One year a go today I was leaving college. I was more excited than sad and had a great last night with all my college friends. It was a good day and an even better night.
Today I'm just finishing my last year at university. I'm polishing off my last assignment and looking forward to going home next Friday. My mental health is not nearly as good as this time last year. I'm very different in a lot of ways but very much the same in other ways.
This year has been huge for me, probably the biggest year I've had so far. I've done some amazing things, had some of the best times of my life this year. But I've also had some of the worst. There is no better way to describe this year than huge. Things have changed in my life so much this year: I've met a lot of new people and had so many new experiences, good and bad. University definitely wasn't what I'd hoped for but I'm coming to terms with that. The most important relationships I had before this year have mostly stayed the same or got stronger. Things that were so incredibly important to me last year aren't as important now but they'll always hold a place in my heart.
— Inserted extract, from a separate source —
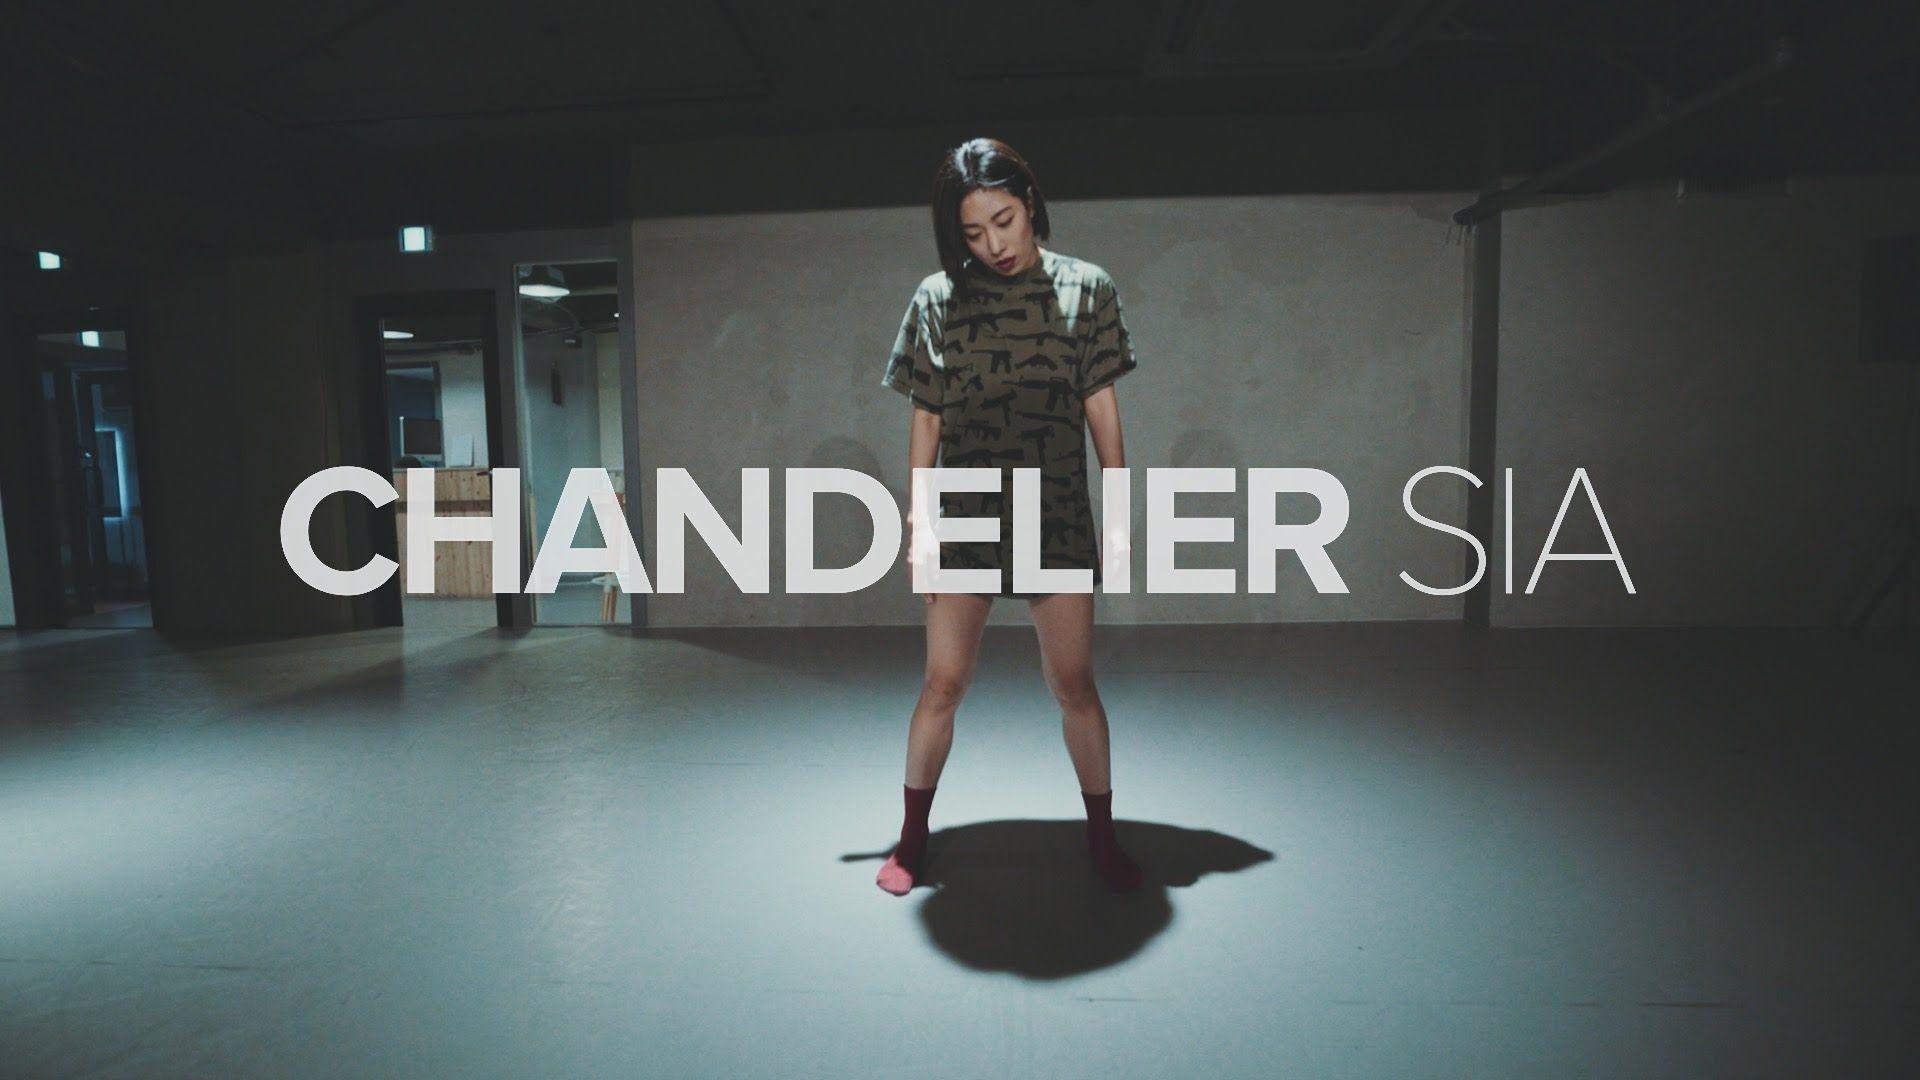 Chandelier sia lia kim choreography dance pinterest dancing chandelier sia lia kim choreography arubaitofo Image collections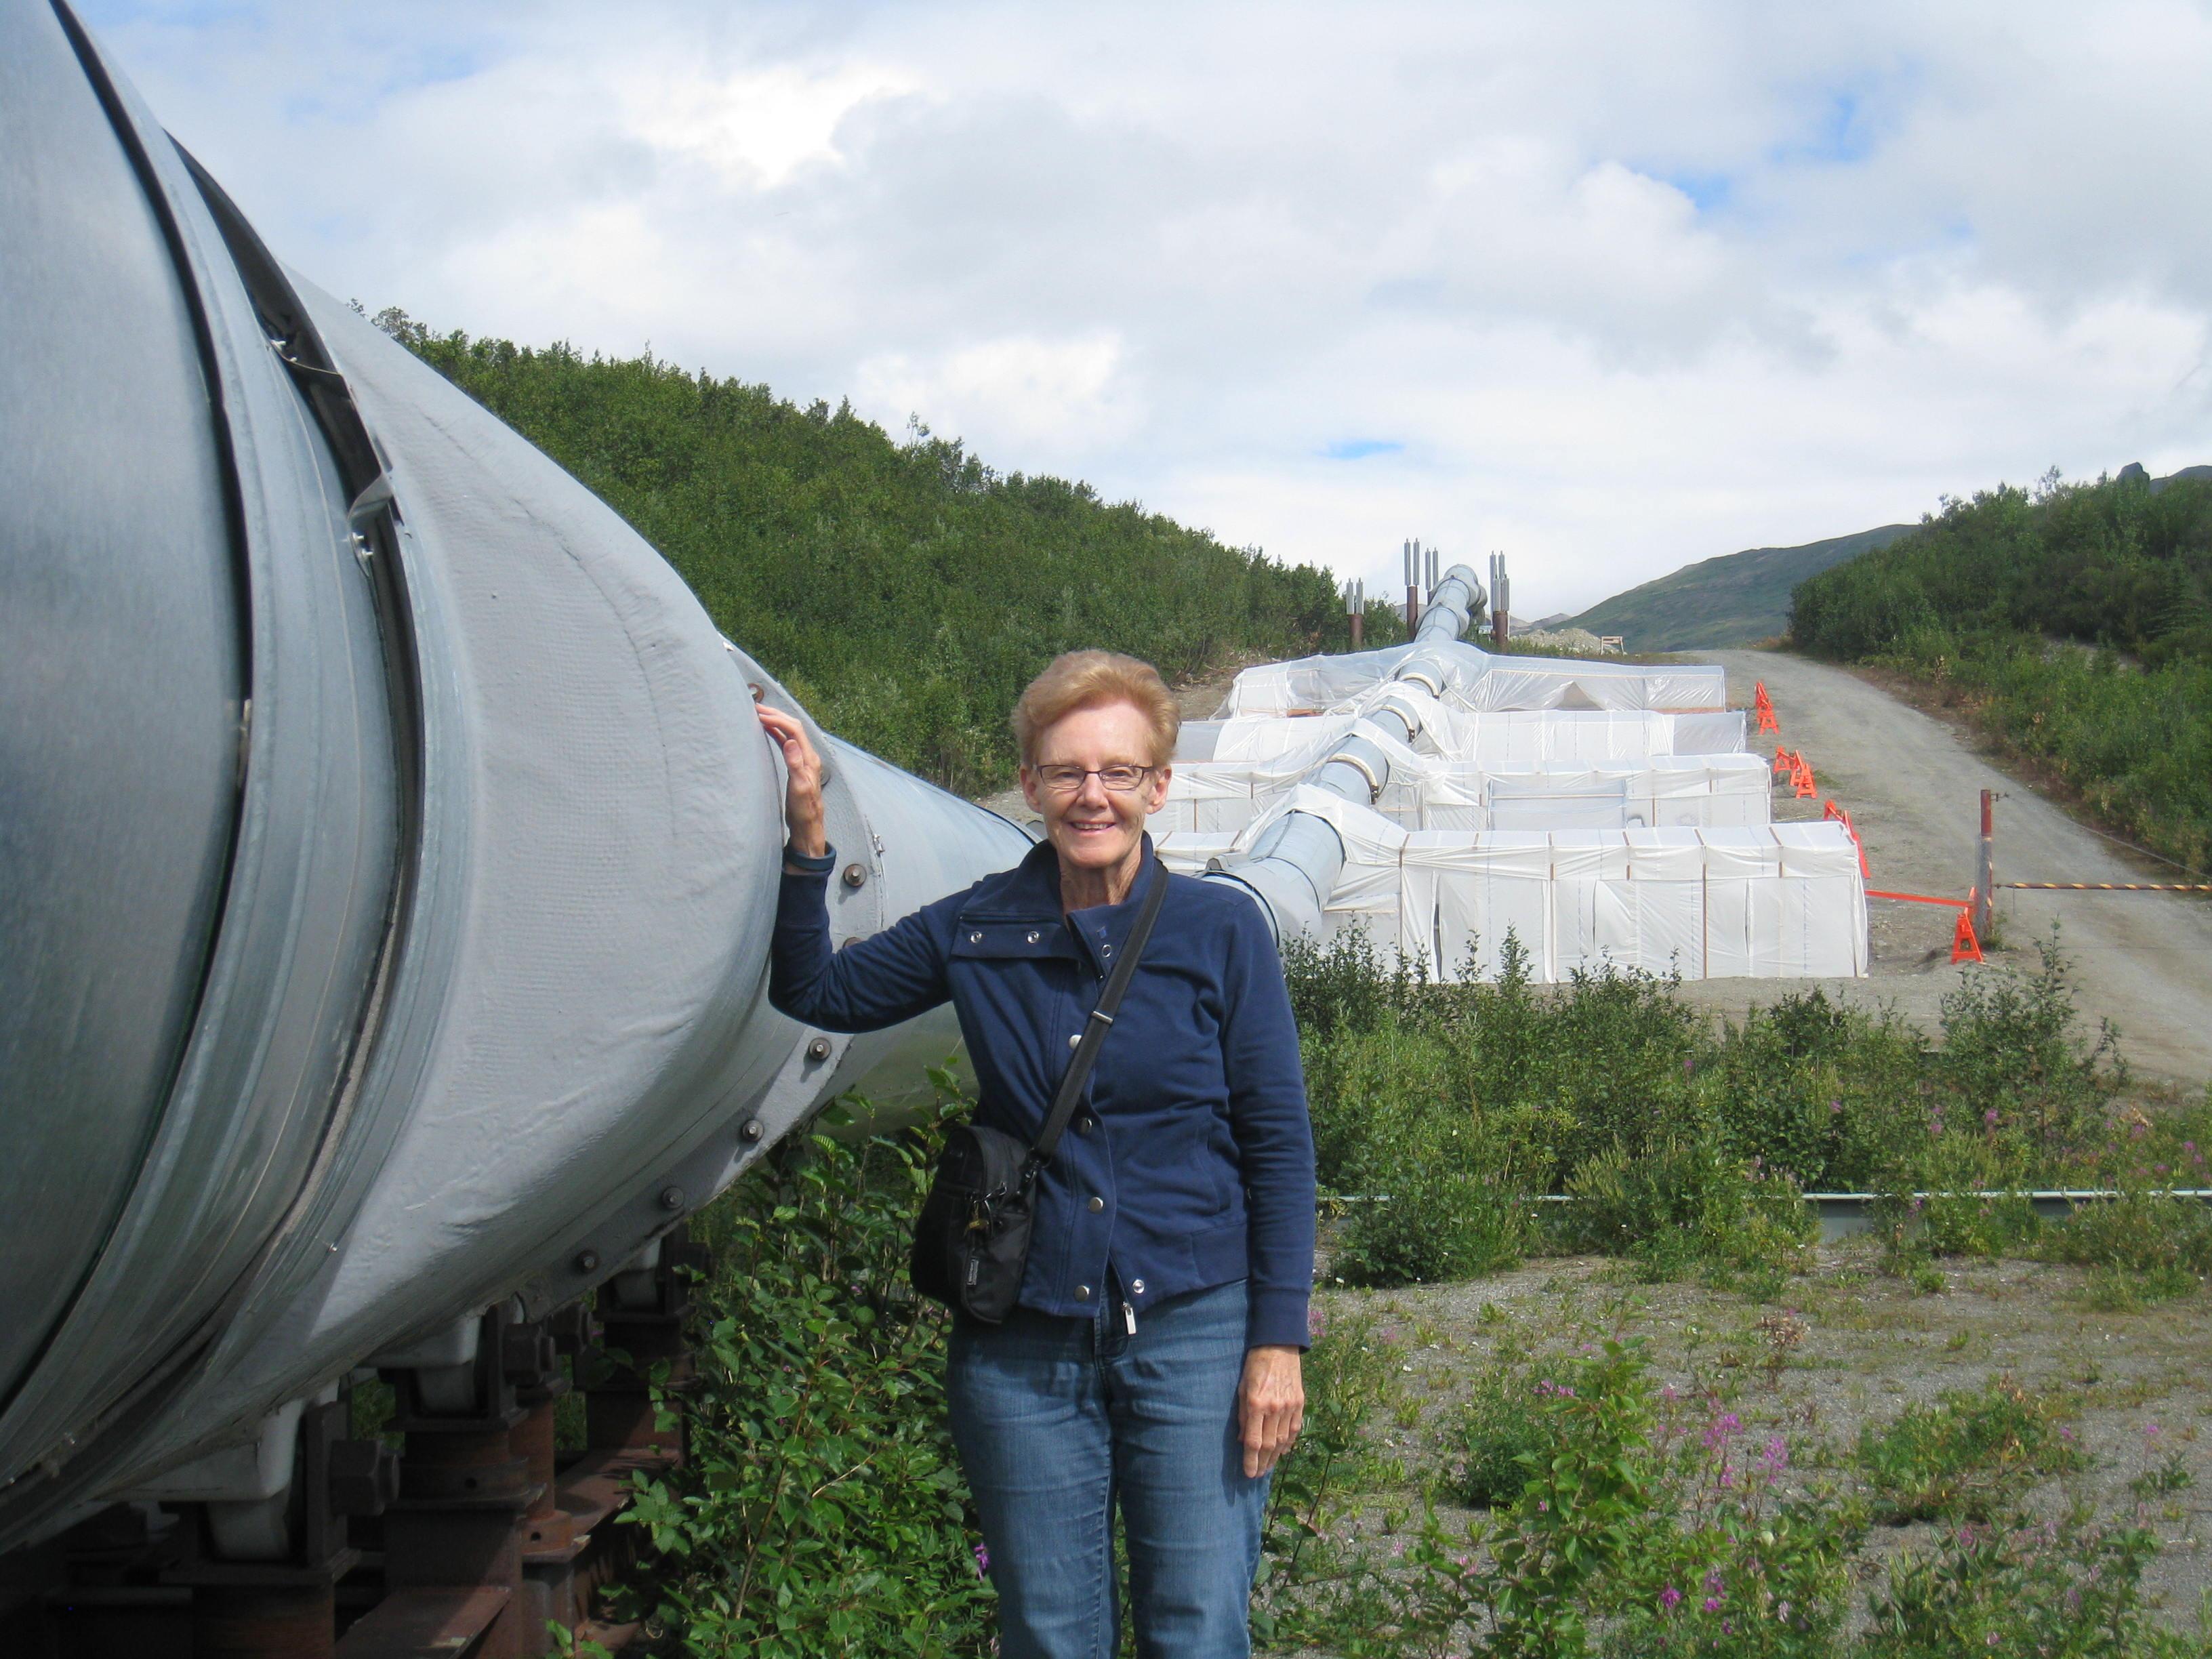 Spectacular Alaska - Alaskan Pipeline

I've learnt a lot but I now know I have a lot more to learn and I'm looking forward to a lifetime of learning.
Throughout the bad times this year I've always had hope that it will get better. It has, at times, at times its got worse but thats okay. I think the main thing I have learnt this year is that the good times can be so good despite the bad times being very bad. They don't cancel each other out, either. I know I can be very happy some weeks then not so happy the next and thats okay, they don't affect each other that much.
I just needed to get my thoughts on this out there.